As i walk in i see two teenagers sitting across from each other, talking and smoking. Marijuana! Oh my. Those idiots.
“Guys look it’s a woman run!” Says a guy wearing a red shirt with blue jeans.
“No i’m locked inside. I’m not going to do anything. Can I join you guys? I’ve got nothing to do.”
“Yeah sure. Want some?”
“No thanks. What’s your name?”
“My name is Aaron and this is Chase.”
“Hey what’s up! My name is chase and you look like you can be my new investment.” Said Chase. He’s handsome but for a teenager. I’m 21. Um no.
“Hi. My name is Lana.”
“Lana! Like Anal backwards? Oooooh!” Says Chase and high-fives Aaron.
“Were just talking here. We come here every night just to smoke. And the workers here never close the doors. Ha!”
“Oh look an iguana on the door! AHhh! Don’t let it pee on you! Don’t! It’s poison can make you never get an orgasm for year!” Said Chase, sounding paranoid. I look at the door but i don’t see anything. He must be hallucinating.
“Oh my! Looks like he’s on Lana! Ah! Now she will be able to orgasm since she’s a woman!” Says Aaron.
“Now that’s just silly.” Says Chase.
“Chase has been taking LSD for years now. Just go with the flow. That’s what i do.” Whispers Aaron.
“So I want that fabulous you know. Sometimes I wish my blood was yellow Gatorade you know. Oh my. That just makes me wet. I’d be a vampire all to myself.” Says Chase. He is soo high. I can tell.

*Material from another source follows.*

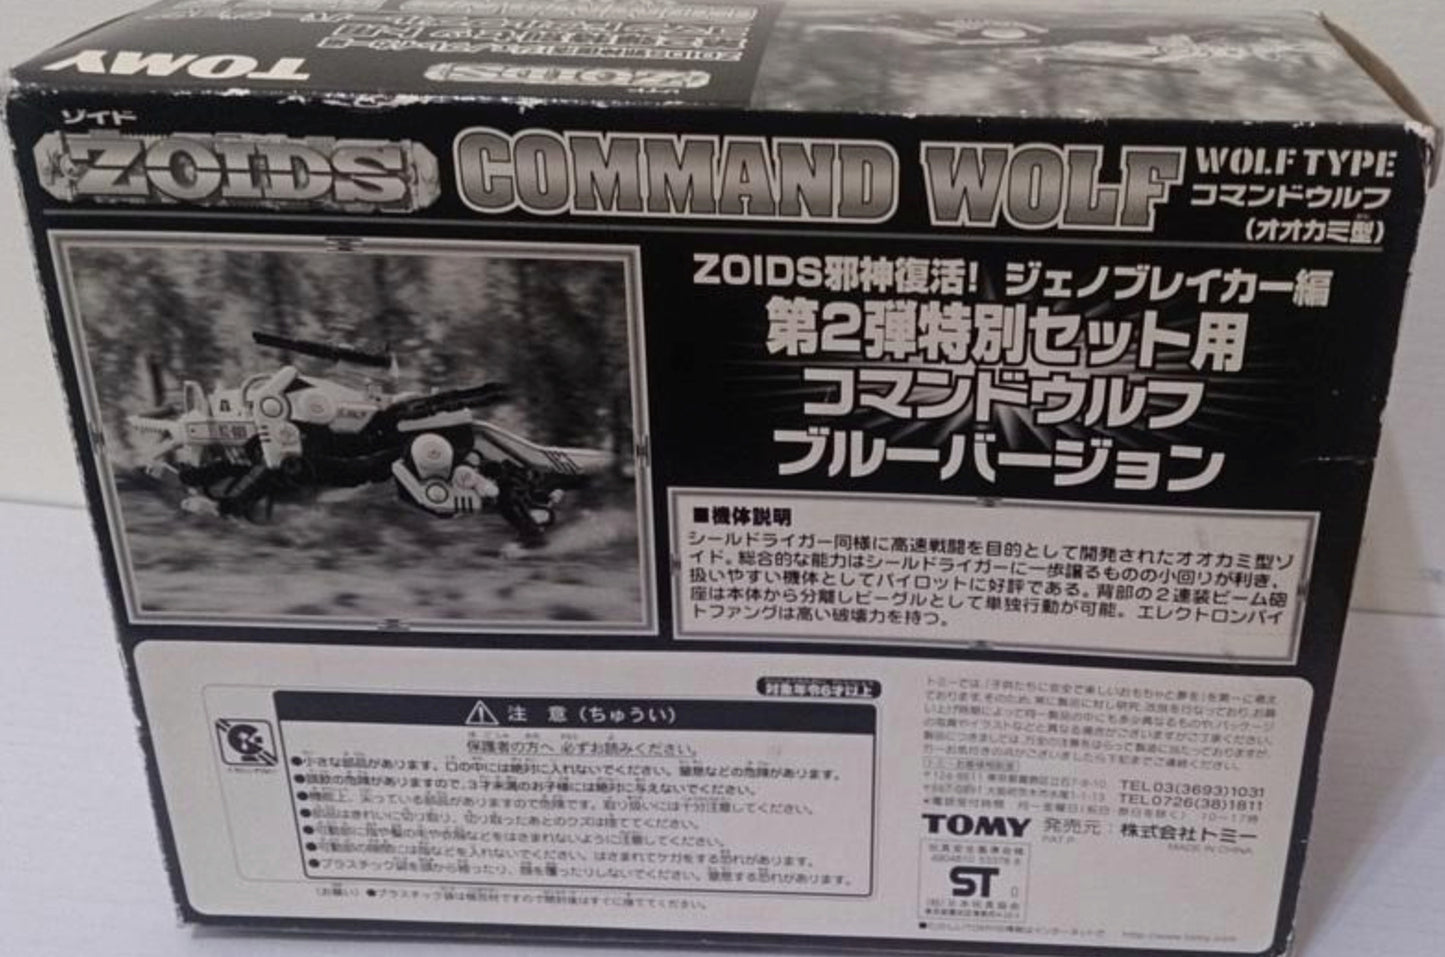 Tomy Zoids 1/72 Command Wolf Type GBA Game Boy Color Limited Model Kit Figure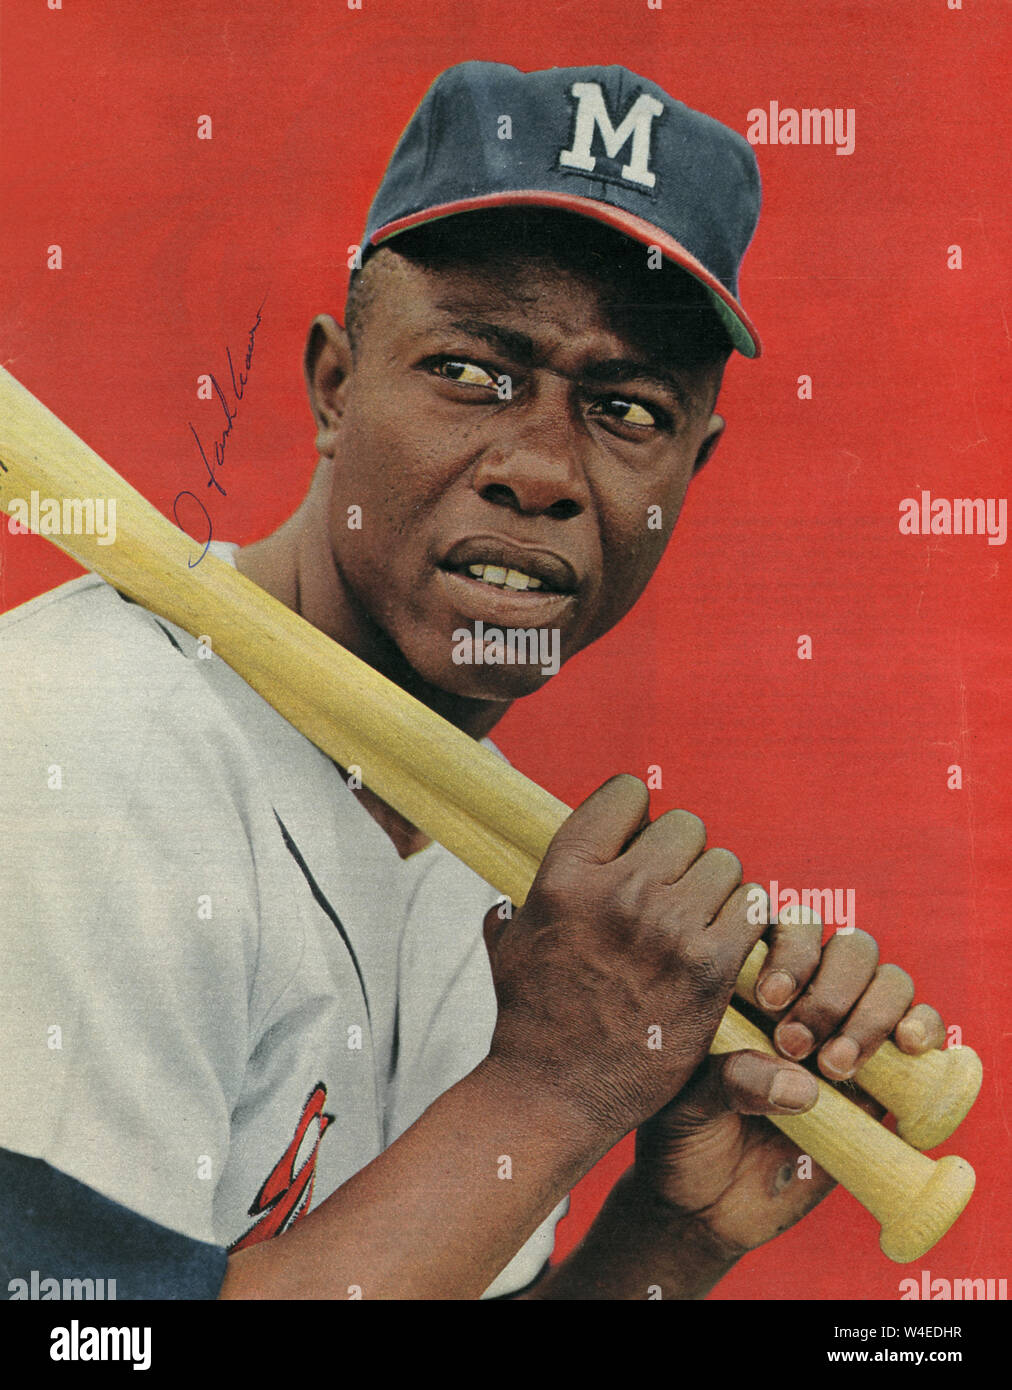 Hall of Fame baseball player Hank Aaron with the Milwaukee Braves in the 1950s and 1960s. Stock Photo

Earthquake. Oh gosh.
“Ahhhh catch the knife i have in my pocket! Now!” I don’t catch it. It lands on the floor, jumps, and cuts Chase in the face and then Aaron. The earthquake is over now.
“Oh my gosh that was scary. Are you guys okay? You guys are bleeding.” I say to Chase and Aaron.
“OMG WE ARE?! Fucking shit! We both have Hemophilia! We won’t stop bleeding.”
“OH my! I’m out. You guys need to carry your medication with you at all times.” I say as i run out the store.
Once upon time A few mistakes ago I was in your sights You got me alone You found me You found me You found me.” Says Taylor Swift, I Knew You Were Trouble, in the intercom. Why is the music playing? Gosh is it morning already?
I’m feeling a bit light headed. It must be from the aroma of marijuana back at H&M. I think i’m going to faint. My vision is bluring. Ah!